Tangan kanannya gadis bersurai karamel itu diangkat, hendak menarik perhatian salah satu pelayan yang berlalu-lalang. Nina menghempaskan tubuhnya ke punggung kursi. "Entah," jawab gadis berkacamata itu sekenanya, membuat senyum sahabatnya melebar.

"What do you know about first love anyway?" Ellie menatapnya skeptis.

"I don't need to know anything about it." Gadis kita membuang muka, sekali lagi mengundang tawa dari temannya.

"Kamu tuh selalu gitu, deh. Apatis. Hidup tuh dirasain, dinikmatin!" Ellie akhirnya menyerah, ia kembali menurunkan tangannya. "Anjir pegel, rame banget sih ...."

"Orang-orang tuh," Nina kembali mencondongkan tubuhnya ke depan, "pengennya first love mereka tuh last love mereka juga gak sih?"

"Aww, so you're that kind of gal?" Ellie menyilangkan kedua tangannya di depan dada. "Trust me, nine out of ten men you'll find won't fulfill that criteria."

"Well, I understand your point of view, but—"
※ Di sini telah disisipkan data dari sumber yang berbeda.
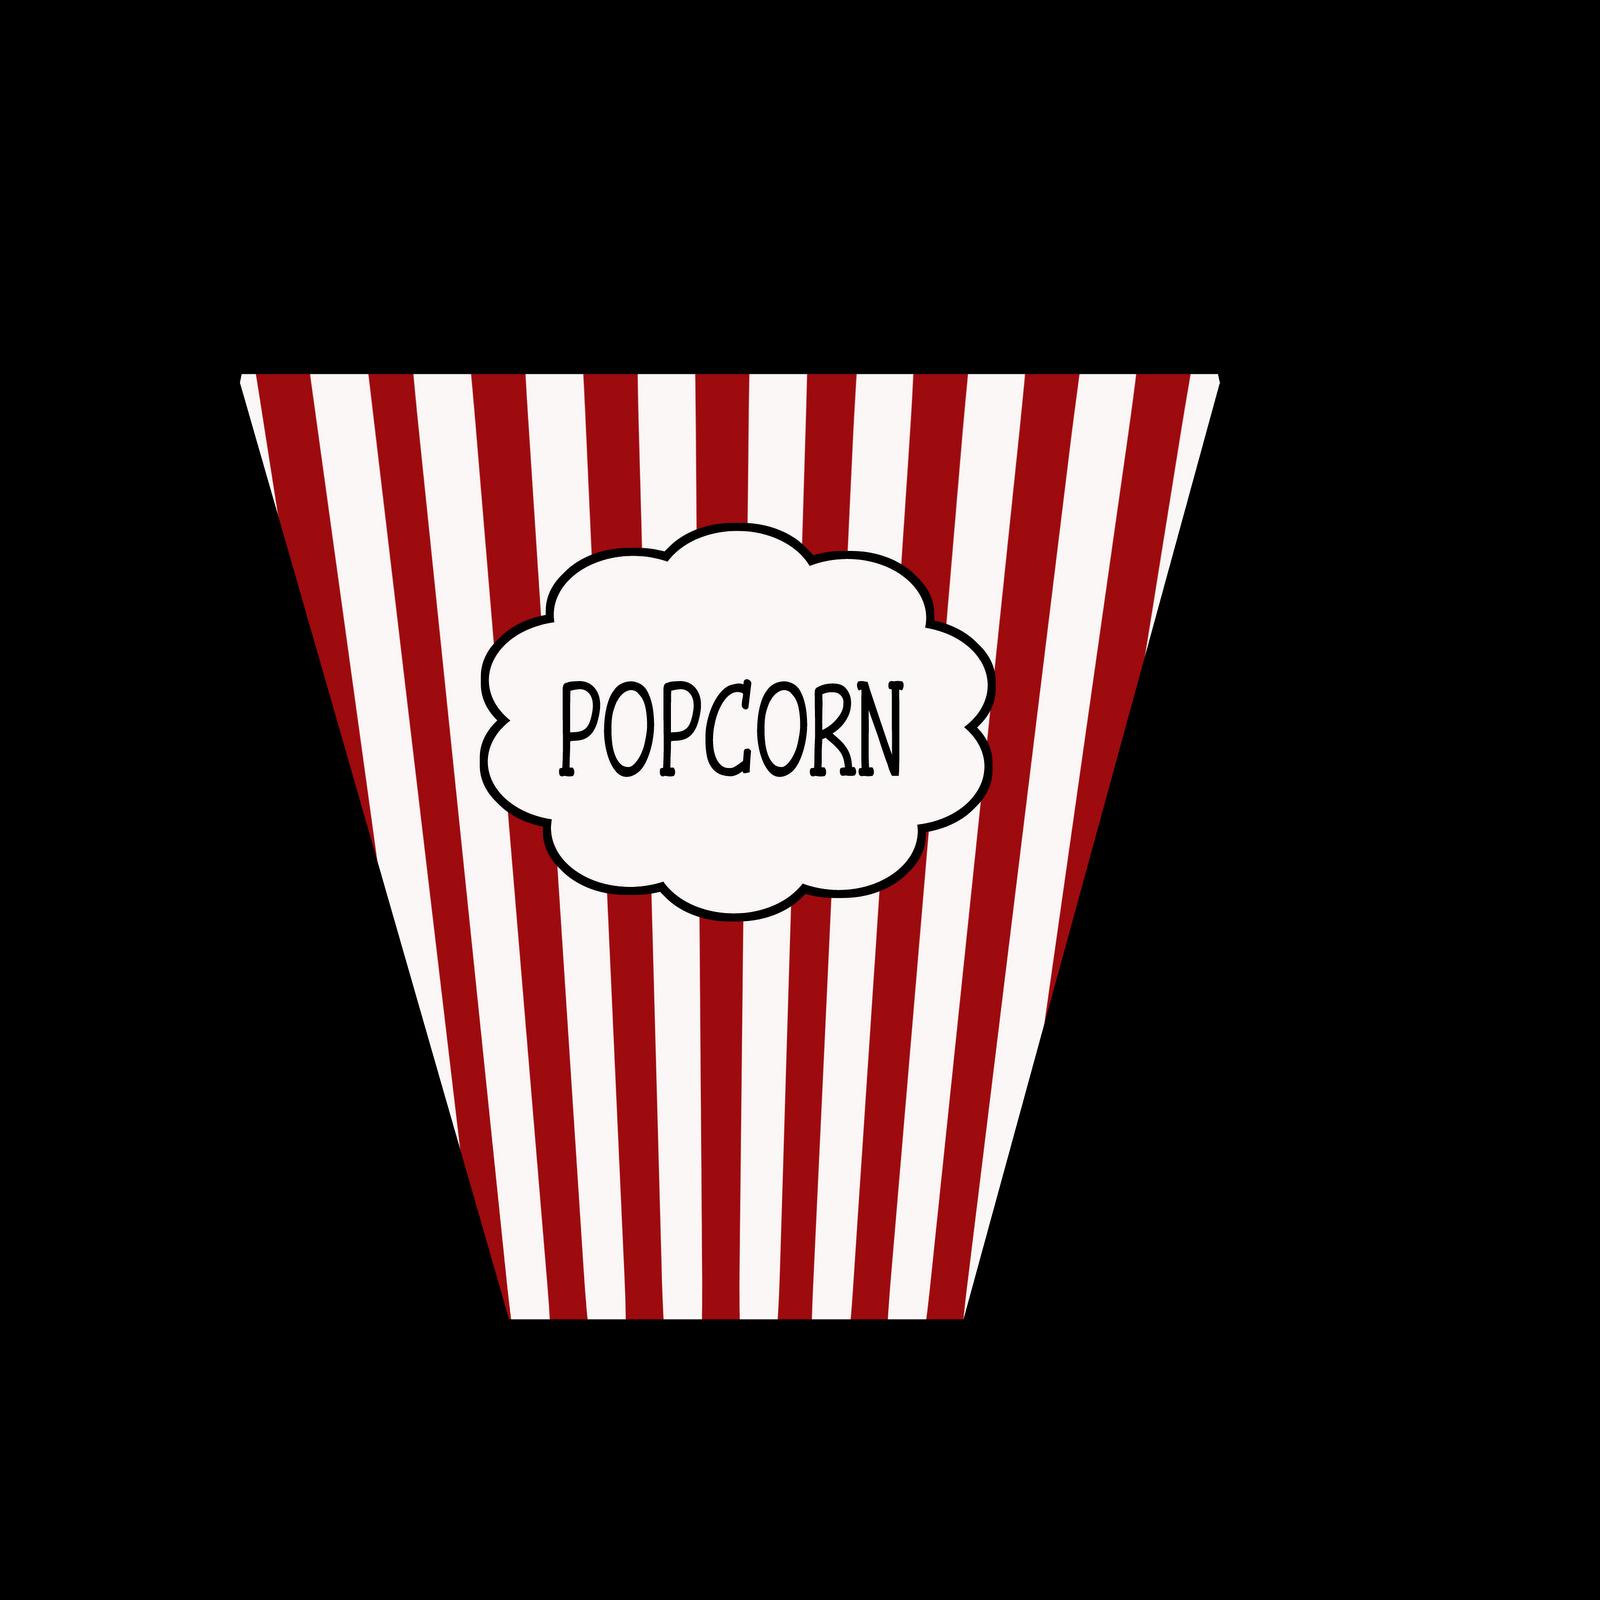 Clip art popcorn dayasriola. Dog clipart easy

"But," Ellie berdeham, "I hope you'll find your first love ASAP, tho."

Nina mendengkus. Belum sempat ia membalas, seorang pemuda menghampiri meja mereka.

"Maaf lama." Lengan pemuda itu menjulur ke depan, meletakkan dua buku menu kala pipi Nina bersemburat merah akan aroma musk-nya. "Pesan apa?"

Ellie memberikan pemuda itu seulas senyum manis. "Ada rekomendasi?"

Nina menarik kerah turtleneck-nya, menutup pipinya yang menghangat.

Yah, kalau tingkahnya masih seperti ini pada tiap lelaki yang ka temui, mana mungkin ia bisa punya seseorang untuk diajak berkencan.